Freeze-drying strawberries keeps all their Vitamin C and polyphenols and 92% of their antioxidants, saving more nutrients than by chilling which can lose over 80% of antioxidant concentrations.
It is well known that heat destroys most of the antioxidant potential of berries, making canned and juicing that involve friction and heat a poor choice to maximize their antioxidant potential.
The same is true for refrigeration.

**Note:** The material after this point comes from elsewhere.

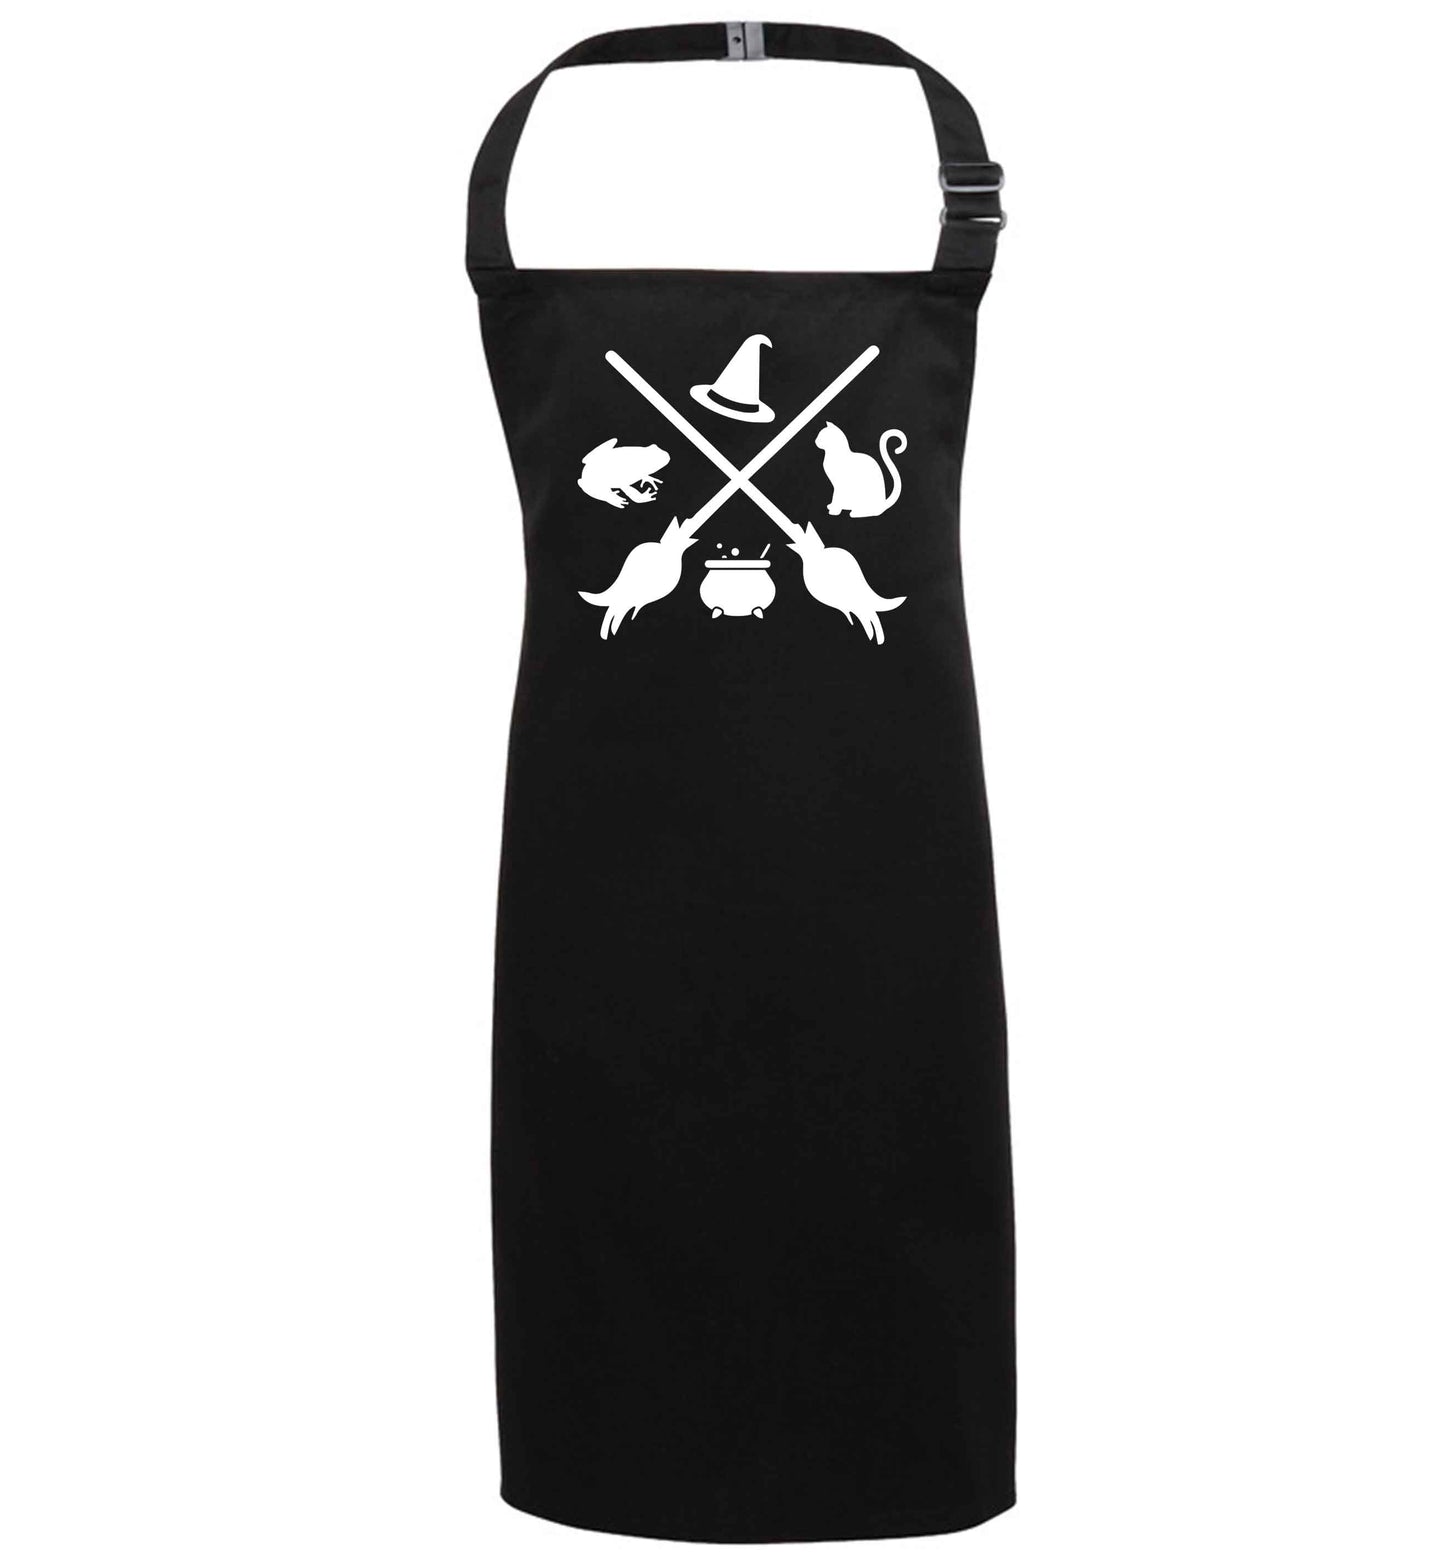 Witch symbol black apron 7-10 years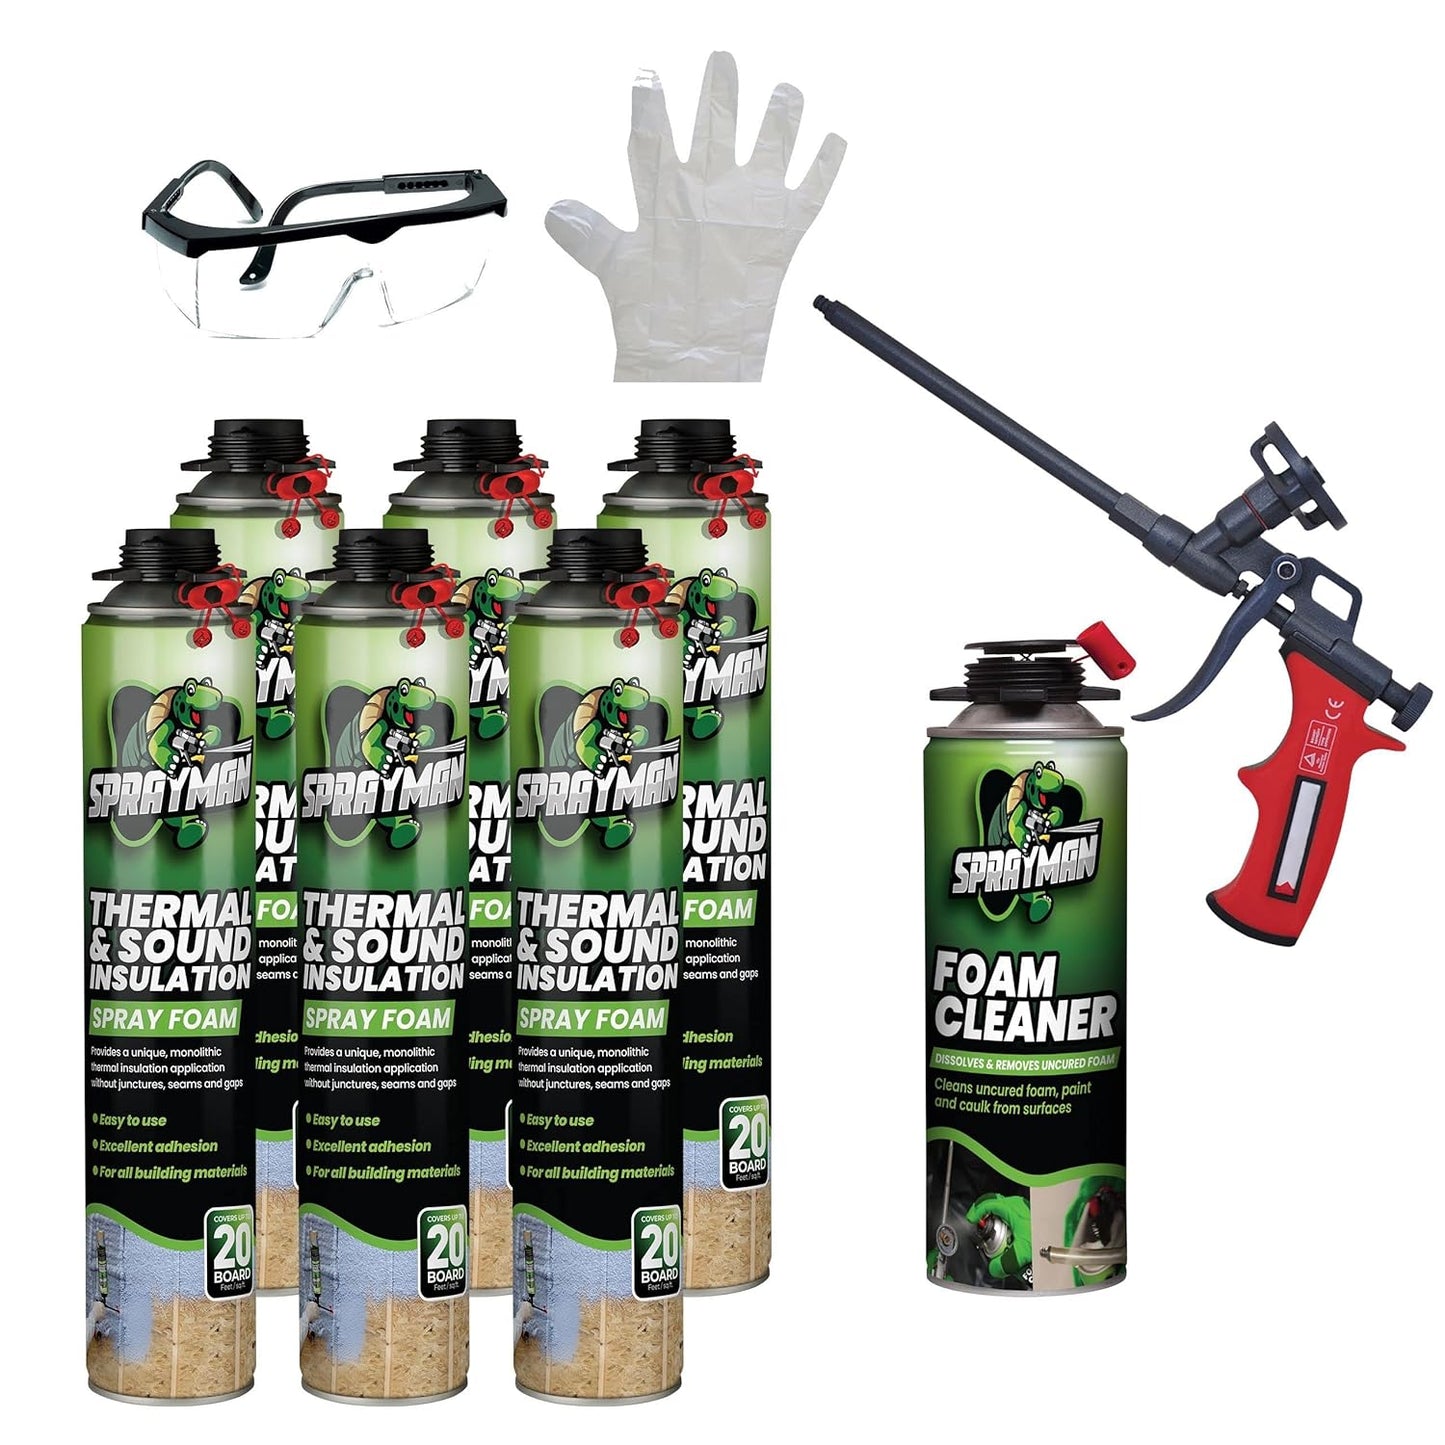 Sprayman Thermal & Sound Insulation Spray Foam 6 Can + Foam Cleaner + Foam Gun +Eye Protection + Glove

It appears that whenever fruit experiences temperature variants from its original state, antioxidant potential is affected, that is unless it is freeze dried.
Researchers at Sheffield Hallam University, UK measured Vitamin C, total antioxidant capacity (TAC), and total phenolic content (TPC) in fresh, chilled and freeze-dried strawberries.
Freeze-drying had no significant impact on nutrient content, but refrigerated fruit experienced large losses.
Researchers at the Ohio State University Comprehensive Cancer Center examined the effect of freeze-dried black raspberries on genes altered by a chemical carcinogen in an animal model of esophageal cancer.
The carcinogen affected the activity of some 2,200 genes in the animals’ esophagus in only one week, but 460 of those genes were restored to normal activity in animals that consumed freeze-dried black raspberry powder as part of their diet during the exposure.
“Freeze drying the berries concentrates these elements about ten times, giving us a power pack of chemoprevention agents that can influence the different signaling pathways that are deregulated in cancer,” said principal investigator Gary D. Stoner, a professor of pathology, human nutrition and medicine who studies dietary agents for the prevention of esophageal cancer.
Packaging Research Planned
John McAughtrie, technical director, Chaucer Foods, said the research highlights the nutritional benefits of freeze-drying fruit and vegetables.
“We are now planning to undertake further studies to compare the nutrient retention of freeze dried fruit and vegetables against those that have been dried using alternative technologies, and to consider the effects of packaging and storage on nutrient retention.”
In the fruit chilled for seven days, TPC was reduced by 82% from fresh, Vitamin C was down by 19%, and 23% of TAC was lost. These are similar losses experienced through friction and heating mechanisms while juicing.
TPC is a measure of polyphenols, chemicals with antioxidant health benefits found in fruits, vegetables, tea and wine. The largest group of polyphenols is flavonoids, which can contribute to food’s color and mouthfeel.